Артист (СИ) - Никонов Андрей. Страница 46

— Товарищ Травин, — томно сказала она, — вам письмо. Наверное, от женщины.

Молодой человек поблагодарил, забрал запечатанный конверт, пахнущий какой-то химией, внутри лежал лист бумаги, и был он совсем не от женщины, а от Ляпидевского. Врач-лаборант писал, что нужно встретиться, и это очень важно. Слово «важно» было подчёркнуто дважды. Пришлось на время отложить свидание с Кольцовой, и отправиться в больницу.

Фима сидел за микроскопом, при виде Травина он важно поднялся, сжал руку.

— Такие дела, Сергей, — со значением сказал он, — я же говорил, что совсем всё не так.

— Ты о Беляеве? — догадался Травин.

— О нём, — Ляпидевский зашагал по комнате, поднимая и кладя вещи, — я ведь знал, что всё не так просто, поэтому послал все записи Юдину. Представляешь, какой человечище! Почти профессор, золотая голова, на международных конференциях выступает, и ответил, нашёл время. Он считает, что смерть этого Беляева наступила раньше, причём намного.
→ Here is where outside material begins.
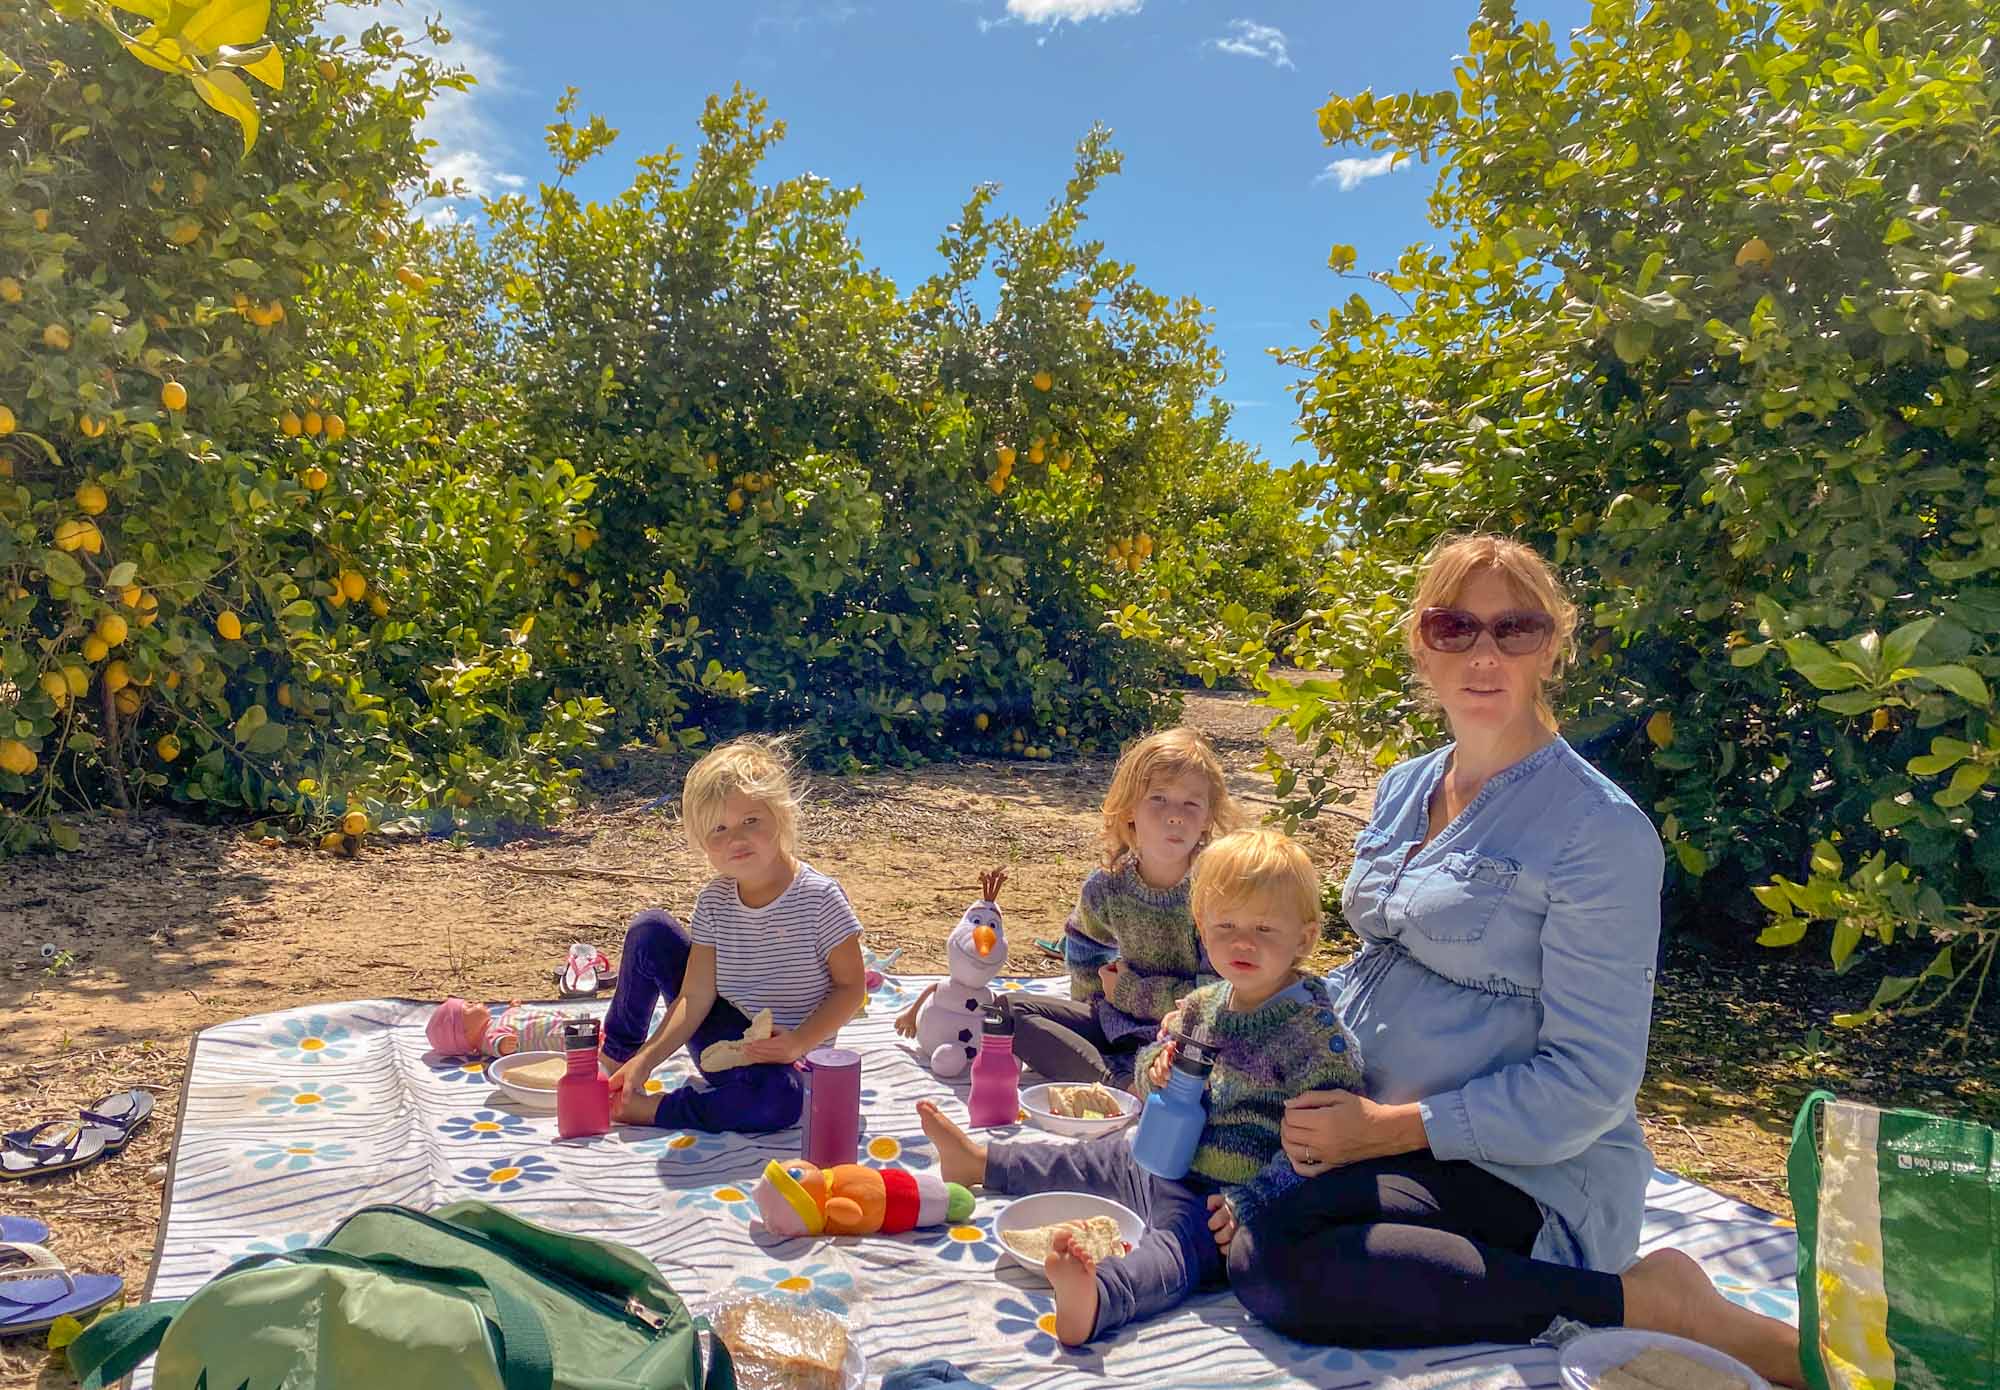 Family sat outside amongst lemon trees eating a picnic

Не буду мучить тебя подробностями, но тело, когда жизненные его функции прекращаются, начинает коченеть. Когда к нам труп привезли, а было это в субботу вечером, он ещё не совсем застыл, и это значит что?

— Что?

— А вот что! — Фима ринулся к столу, начал рыться в бумагах, — где же это? Вот! Я исследовал каждый сустав, записал время, измерил температуру, и оказалось, ты только представь…

— Фима, — сказал Сергей, — ты молодец. У меня времени вагон, не торопись.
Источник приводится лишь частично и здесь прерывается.